# Inferential Statistics (frequentist)

## Concepts covered in this lesson

1. Estimation and Estimators
2. Confidence intervals (quantifying sampling error)
3. Hypothesis testing

## Estimation and Estimators

Think of the following study:
- Research question: What's the average weight of people in the Los Angeles (LA) metro area?
- Sampling technique: Ask every third account on Instagram who posts mainly in the LA metro area.

Now, let's answer the following questions:
1. What is estimation? Obtain information about a parameter using a statistic
2. What is an estimator? Some statistical method for estimation based on observable data
3. What is estimator bias? Long-run error between sample statistic and population statistic
4. What is sampling error? Error caused by technique for random sampling is not representative of the population
5. What is the difference between standard error and standard deviation? Standard error is computed on an estimator; standard error becomes smaller as sample size increases
6. What is sampling bias? Selecting groups that are not representative of the full population
7. What is measurement error? Error in the data collection process

## Confidence intervals (quantifying sampling error)

Let's go back to the weight study above. Say that we will begin collecting our data.

1. How do we know when to stop?
2. How do we quantify the significance of the data we have collected so far?

### Calculating CIs using Python

Study: `as_datasets/ExamScores.csv` (exam scores of a class over time)

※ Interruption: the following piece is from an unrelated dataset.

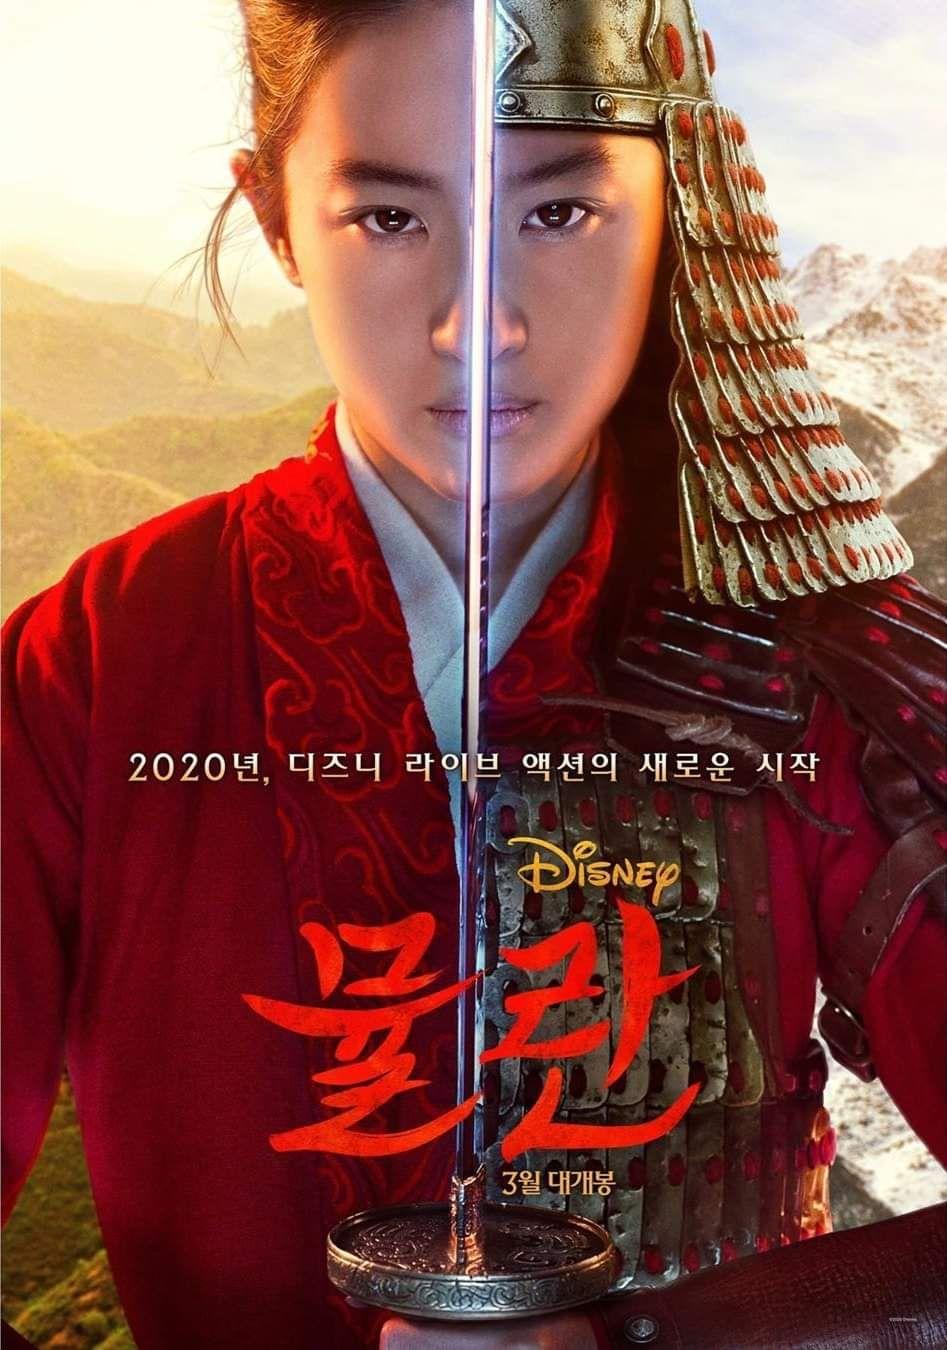 Pin by Lilia 🏳️🌈 on ความบันเทิง in 2020 | Mulan movie, Watch mulan, Mulan
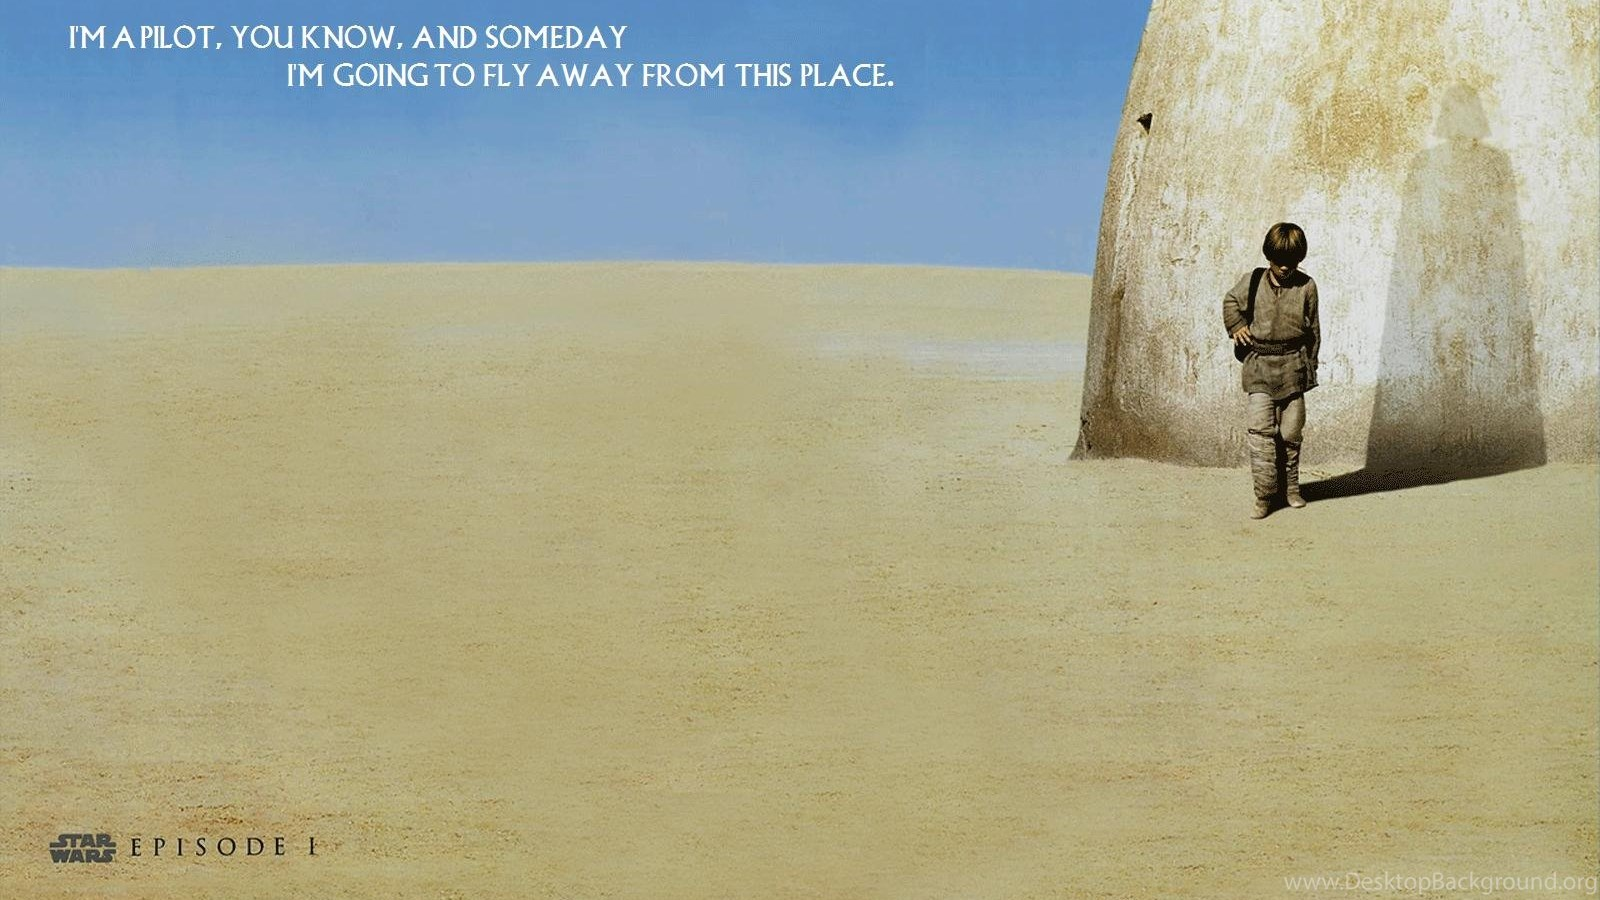 Star Wars Episode 1 Poster Wallpapers Album On Imgur Desktop

Write a function that computes confidence intervals for a mean given a `pd.Series` of data, using the following signature.
```
def get_confidence_interval(dataset: pd.Series, ci_level: float) -> Tuple[float, float]:
```
Then, use your function to get the confidence interval for each column in `ExamScores.csv`.

In [1]:
import numpy as np
import scipy.stats
import pandas as pd
from typing import Tuple


def get_confidence_interval(dataset: pd.Series, ci_level: float = 0.95) -> Tuple[float, float]:
    n = len(dataset)
    mean = dataset.mean()
    stdev = dataset.std()
    stderr = stdev / np.sqrt(n)
    if n > 30:
        return scipy.stats.norm.interval(ci_level, mean, stderr)
    else:
        ddof = n - 1
        return scipy.stats.t.interval(ci_level, ddof, mean, stderr)

In [7]:
df_exam = pd.read_csv('../as_datasets/ExamScores.csv')

df_exam_cis = df_exam.apply(get_confidence_interval, axis=0)  # axis=0 for columns

Unnamed: 0,Exam1,Exam2,Exam3,Exam4
0,80.124504,75.427229,67.310128,74.266876
1,85.275496,83.372771,79.369872,78.733124


## Hypothesis testing

Continuing with the exam scores, **how do we know that everyone _did better_ on the second exam than the first exam?**

In other words, what is the **significance** of our test statistic?  

How do we determine that this is **statistically significant**?

When would **statistical significance** not be important **practically**?

### Choosing statistical tests
![statistical test table](testing_table.PNG)

### Errors in hypothesis testing
![confusion matrix with Type 1/2 errors](confusion_matrix.PNG)

### Mean-based testing

#### 1-sample t-test

File: `as_datasets/ExamScores.csv`

Research question: Is the class's scores for Exam 2 different from the expected score of 86?

#### 2-sample unpaired t-test

File: `as_datasets/Memory.csv`

Research question: Does this memory enhancement drug actually reduce the number of memory-related tasks?

#### 2-sample paired t-test

File: `as_datasets/ExamScores.csv`

Research question: Did the class improve on the second exam?

#### One-way ANOVA

File: `as_datasets/ExamScores.csv`

Research question: Do the exam scores truly have different means?

#### Linear statistical modeling with OLS

File: `as_datasets/ExamScores.csv`

Same research question as above: Do the exam scores truly have different means?

#### Multiple comparison with Tukey's HSD

File: `as_datasets/ExamScores.csv`

Research question: Which exam(s) did the course struggle with?

### Proportion-based testing:

#### 1-sample z-test on a proportion

File: `as_datasets/ExamScores.csv`

Research question: Does sufficient evidence exist that the proportion of scores over 80 on exam 1?

#### 2-sample z-test on a proportion

10,000 individuals are divided evenly into two groups. The treatment group is given a vaccine and the control group is given a placebo. 95 of the 5,000 individuals in the treatment group developed a disease. 125 of the 5,000 individuals in the control group developed a particular disease. A research team wants to determine whether the vaccine is effective in decreasing the incidence of disease. Does sufficient evidence exist to conclude that the proportion of developing a disease in individuals given the vaccine is less than that of individuals given a placebo?